Limitations and call for contribution!
We are super happy to make this code community-powered, and would love to see how you can best optimize the following:
- current implementation uses the “naive” attention compution (so not really MLA)
- current implementation loops through the experts. This should be replaced. Pointers to use
get_packed_weights
fromintetrations/tensor_parallel
. - current implementation uses the eleuther formula for ROPE, using the orginal one would be more efficient! (should still follow our API)

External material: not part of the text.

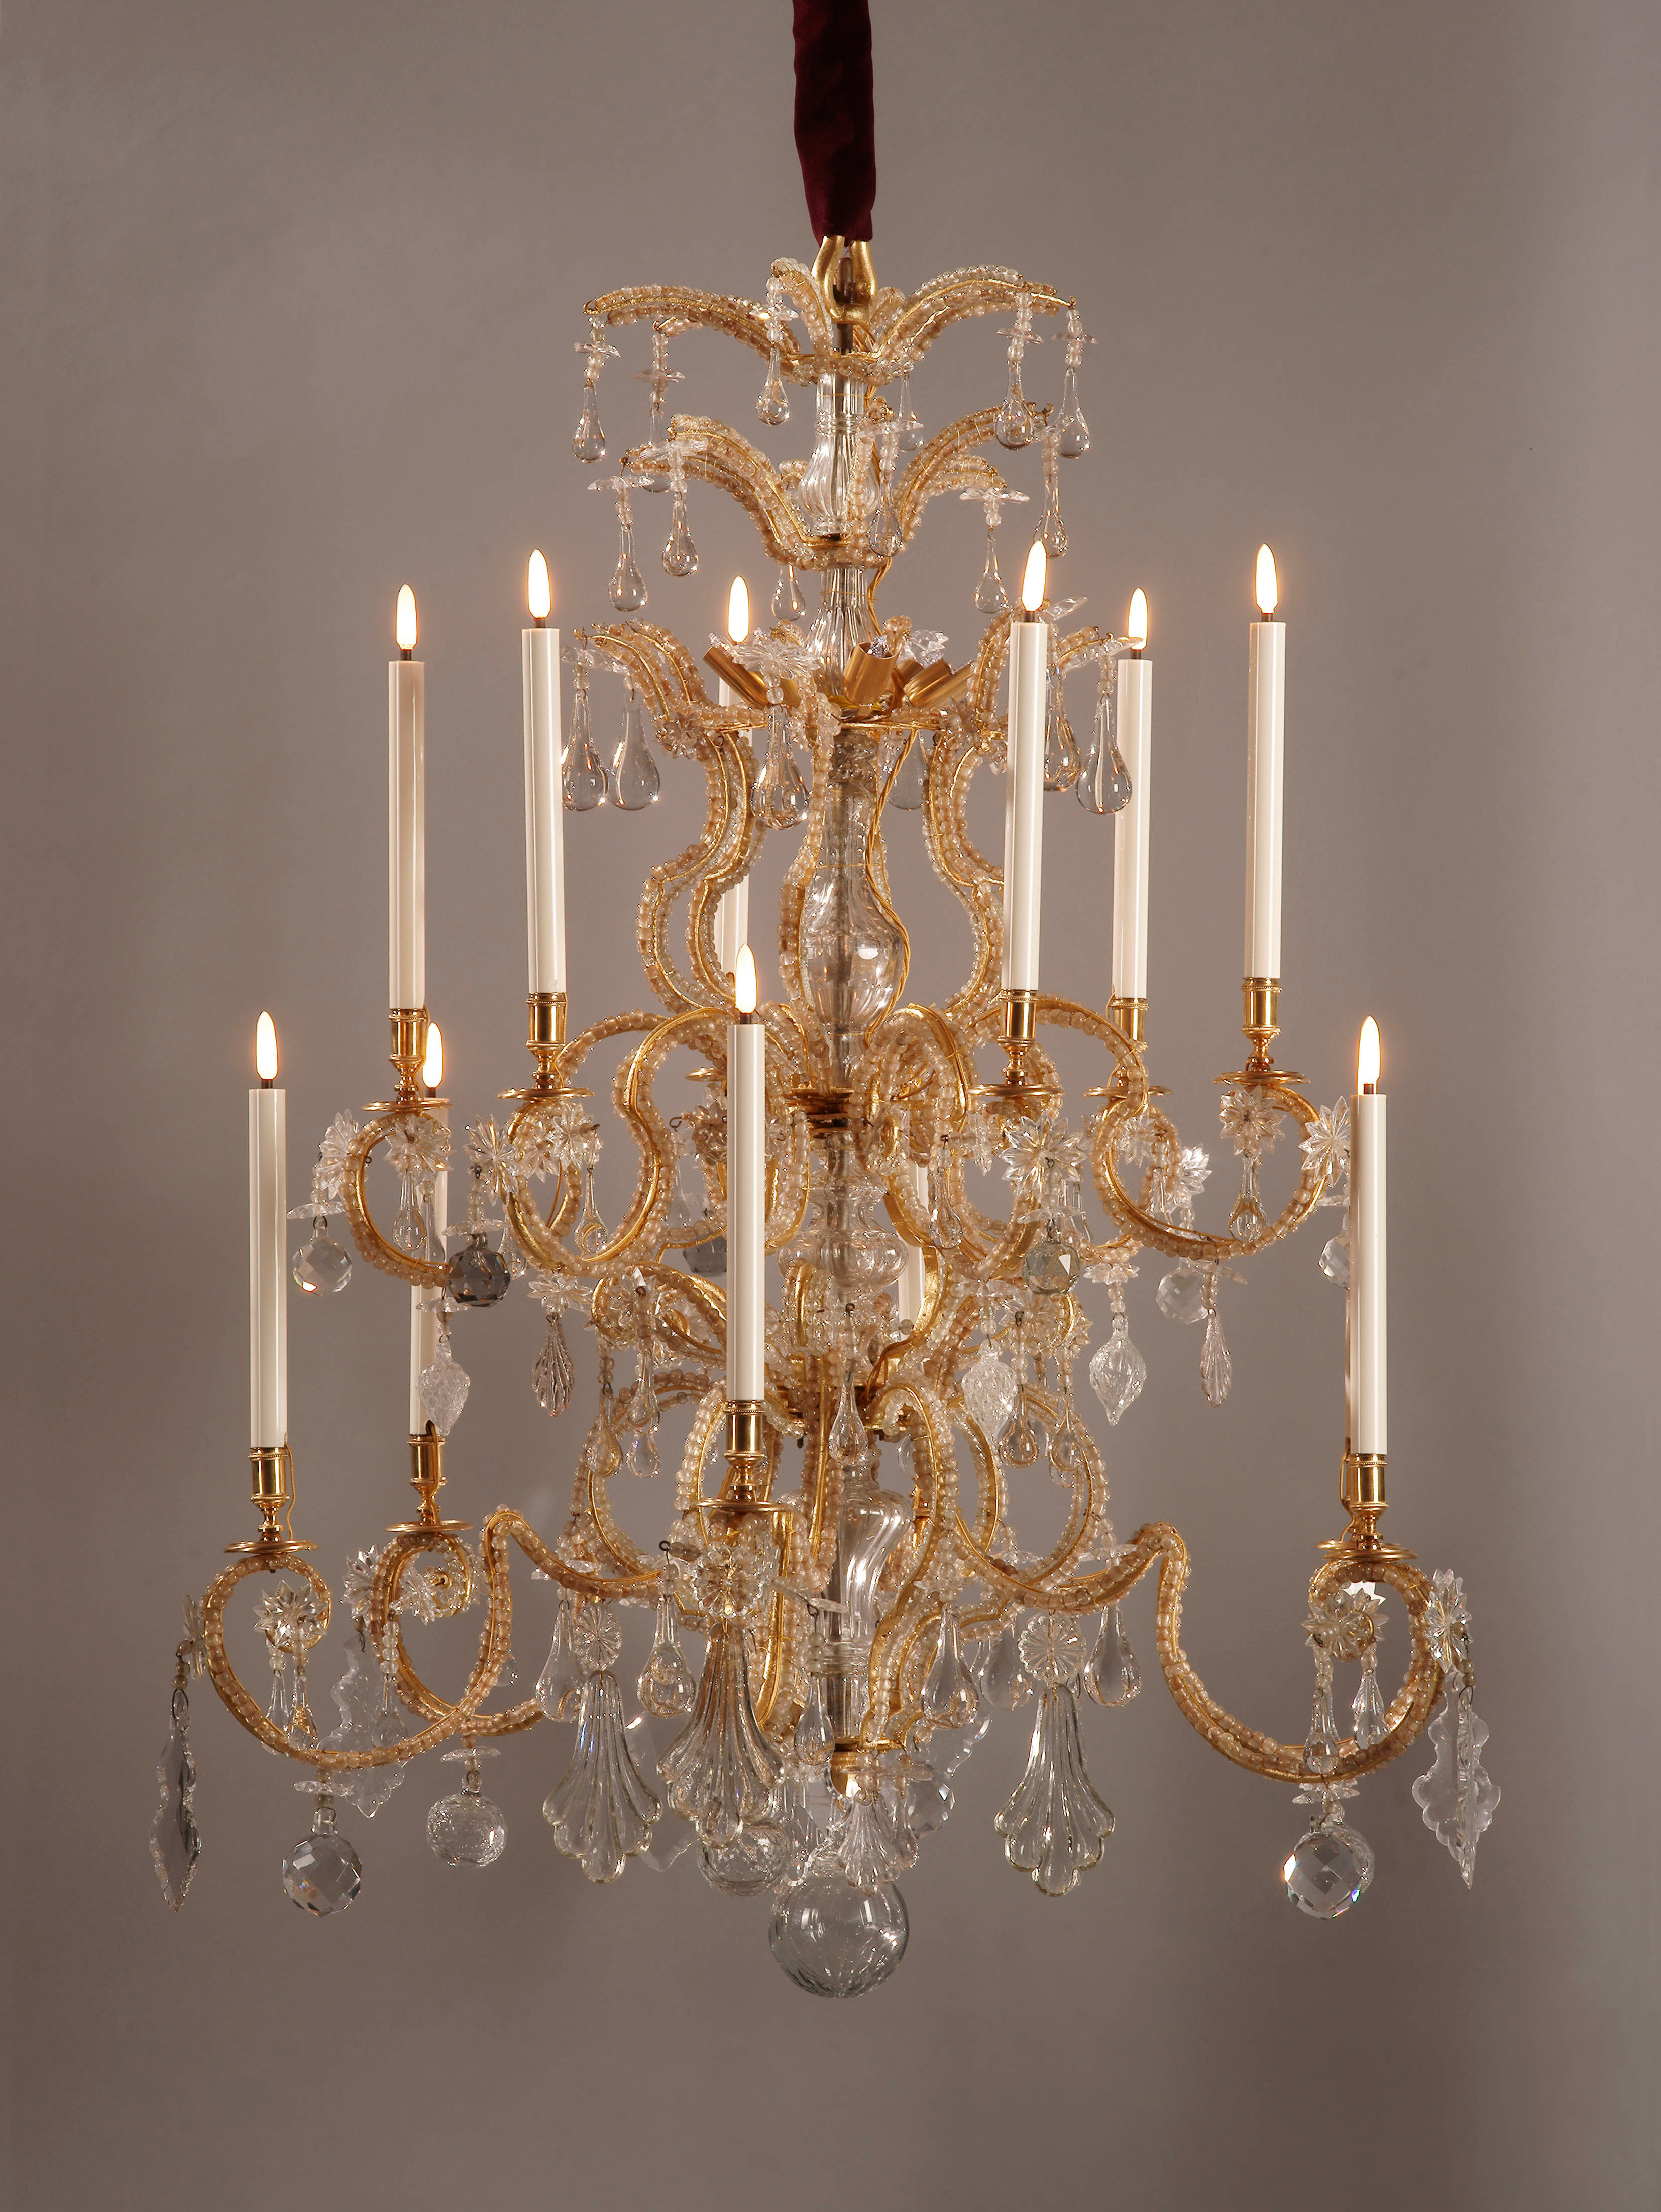 Large Genoese Chandelier with 12 lights

- static cache is not supported (this should be just a generation config issue / config shape issues)
Usage tips
The model uses Multi-head Latent Attention (MLA) and DeepSeekMoE architectures for efficient inference and cost-effective training. It employs an auxiliary-loss-free strategy for load balancing and multi-token prediction training objective. The model can be used for various language tasks after being pre-trained on 14.8 trillion tokens and going through Supervised Fine-Tuning and Reinforcement Learning stages.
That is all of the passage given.